Beginning with the first line of the entries below, quote each line until you reach and include the line with "困惑転倒リビングルーム3点セット 爪やすり ネイル".

■ Stored data
• • • •

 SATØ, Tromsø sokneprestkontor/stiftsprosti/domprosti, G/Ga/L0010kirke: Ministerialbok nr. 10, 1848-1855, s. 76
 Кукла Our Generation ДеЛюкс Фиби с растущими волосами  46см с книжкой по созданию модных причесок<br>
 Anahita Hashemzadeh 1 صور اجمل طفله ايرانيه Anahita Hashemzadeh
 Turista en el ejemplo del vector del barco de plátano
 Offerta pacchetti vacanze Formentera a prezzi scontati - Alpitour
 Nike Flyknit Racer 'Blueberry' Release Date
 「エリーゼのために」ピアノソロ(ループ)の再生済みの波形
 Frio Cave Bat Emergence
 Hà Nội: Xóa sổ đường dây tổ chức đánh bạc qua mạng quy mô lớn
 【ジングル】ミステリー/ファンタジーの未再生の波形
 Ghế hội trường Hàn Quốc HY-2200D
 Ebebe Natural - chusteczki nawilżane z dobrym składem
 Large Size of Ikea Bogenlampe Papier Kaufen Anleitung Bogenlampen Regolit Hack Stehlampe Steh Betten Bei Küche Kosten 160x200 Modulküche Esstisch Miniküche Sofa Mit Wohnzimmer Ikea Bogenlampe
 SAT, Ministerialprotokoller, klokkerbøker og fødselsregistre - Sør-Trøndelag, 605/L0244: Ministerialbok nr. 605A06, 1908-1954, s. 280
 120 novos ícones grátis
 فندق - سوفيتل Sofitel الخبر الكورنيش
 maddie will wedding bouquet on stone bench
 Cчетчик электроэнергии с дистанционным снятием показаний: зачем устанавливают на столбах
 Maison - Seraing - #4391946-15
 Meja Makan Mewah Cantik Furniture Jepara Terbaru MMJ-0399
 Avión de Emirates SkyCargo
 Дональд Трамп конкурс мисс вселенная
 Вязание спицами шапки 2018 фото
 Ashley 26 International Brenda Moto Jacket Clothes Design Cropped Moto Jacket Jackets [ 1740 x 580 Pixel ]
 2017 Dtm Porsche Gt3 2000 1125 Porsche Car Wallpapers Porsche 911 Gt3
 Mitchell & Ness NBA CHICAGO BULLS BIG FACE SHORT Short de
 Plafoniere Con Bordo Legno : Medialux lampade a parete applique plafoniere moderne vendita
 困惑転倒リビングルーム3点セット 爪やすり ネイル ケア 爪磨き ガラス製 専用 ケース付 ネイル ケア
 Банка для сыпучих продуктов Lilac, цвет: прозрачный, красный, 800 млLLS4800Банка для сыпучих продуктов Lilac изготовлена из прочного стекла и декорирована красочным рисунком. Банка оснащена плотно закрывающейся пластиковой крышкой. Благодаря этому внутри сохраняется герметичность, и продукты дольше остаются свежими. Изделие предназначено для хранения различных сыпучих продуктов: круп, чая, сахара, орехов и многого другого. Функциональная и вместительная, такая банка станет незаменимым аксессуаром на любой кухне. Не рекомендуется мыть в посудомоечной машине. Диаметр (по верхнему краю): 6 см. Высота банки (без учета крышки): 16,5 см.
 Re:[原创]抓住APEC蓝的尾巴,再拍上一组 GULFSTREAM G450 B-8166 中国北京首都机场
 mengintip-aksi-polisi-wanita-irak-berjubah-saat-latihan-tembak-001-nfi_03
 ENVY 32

• • • •

■ Problem solution
 SATØ, Tromsø sokneprestkontor/stiftsprosti/domprosti, G/Ga/L0010kirke: Ministerialbok nr. 10, 1848-1855, s. 76
 Кукла Our Generation ДеЛюкс Фиби с растущими волосами  46см с книжкой по созданию модных причесок<br>
 Anahita Hashemzadeh 1 صور اجمل طفله ايرانيه Anahita Hashemzadeh
 Turista en el ejemplo del vector del barco de plátano
 Offerta pacchetti vacanze Formentera a prezzi scontati - Alpitour
 Nike Flyknit Racer 'Blueberry' Release Date
 「エリーゼのために」ピアノソロ(ループ)の再生済みの波形
 Frio Cave Bat Emergence
 Hà Nội: Xóa sổ đường dây tổ chức đánh bạc qua mạng quy mô lớn
 【ジングル】ミステリー/ファンタジーの未再生の波形
 Ghế hội trường Hàn Quốc HY-2200D
 Ebebe Natural - chusteczki nawilżane z dobrym składem
 Large Size of Ikea Bogenlampe Papier Kaufen Anleitung Bogenlampen Regolit Hack Stehlampe Steh Betten Bei Küche Kosten 160x200 Modulküche Esstisch Miniküche Sofa Mit Wohnzimmer Ikea Bogenlampe
 SAT, Ministerialprotokoller, klokkerbøker og fødselsregistre - Sør-Trøndelag, 605/L0244: Ministerialbok nr. 605A06, 1908-1954, s. 280
 120 novos ícones grátis
 فندق - سوفيتل Sofitel الخبر الكورنيش
 maddie will wedding bouquet on stone bench
 Cчетчик электроэнергии с дистанционным снятием показаний: зачем устанавливают на столбах
 Maison - Seraing - #4391946-15
 Meja Makan Mewah Cantik Furniture Jepara Terbaru MMJ-0399
 Avión de Emirates SkyCargo
 Дональд Трамп конкурс мисс вселенная
 Вязание спицами шапки 2018 фото
 Ashley 26 International Brenda Moto Jacket Clothes Design Cropped Moto Jacket Jackets [ 1740 x 580 Pixel ]
 2017 Dtm Porsche Gt3 2000 1125 Porsche Car Wallpapers Porsche 911 Gt3
 Mitchell & Ness NBA CHICAGO BULLS BIG FACE SHORT Short de
 Plafoniere Con Bordo Legno : Medialux lampade a parete applique plafoniere moderne vendita
 困惑転倒リビングルーム3点セット 爪やすり ネイル ケア 爪磨き ガラス製 専用 ケース付 ネイル ケア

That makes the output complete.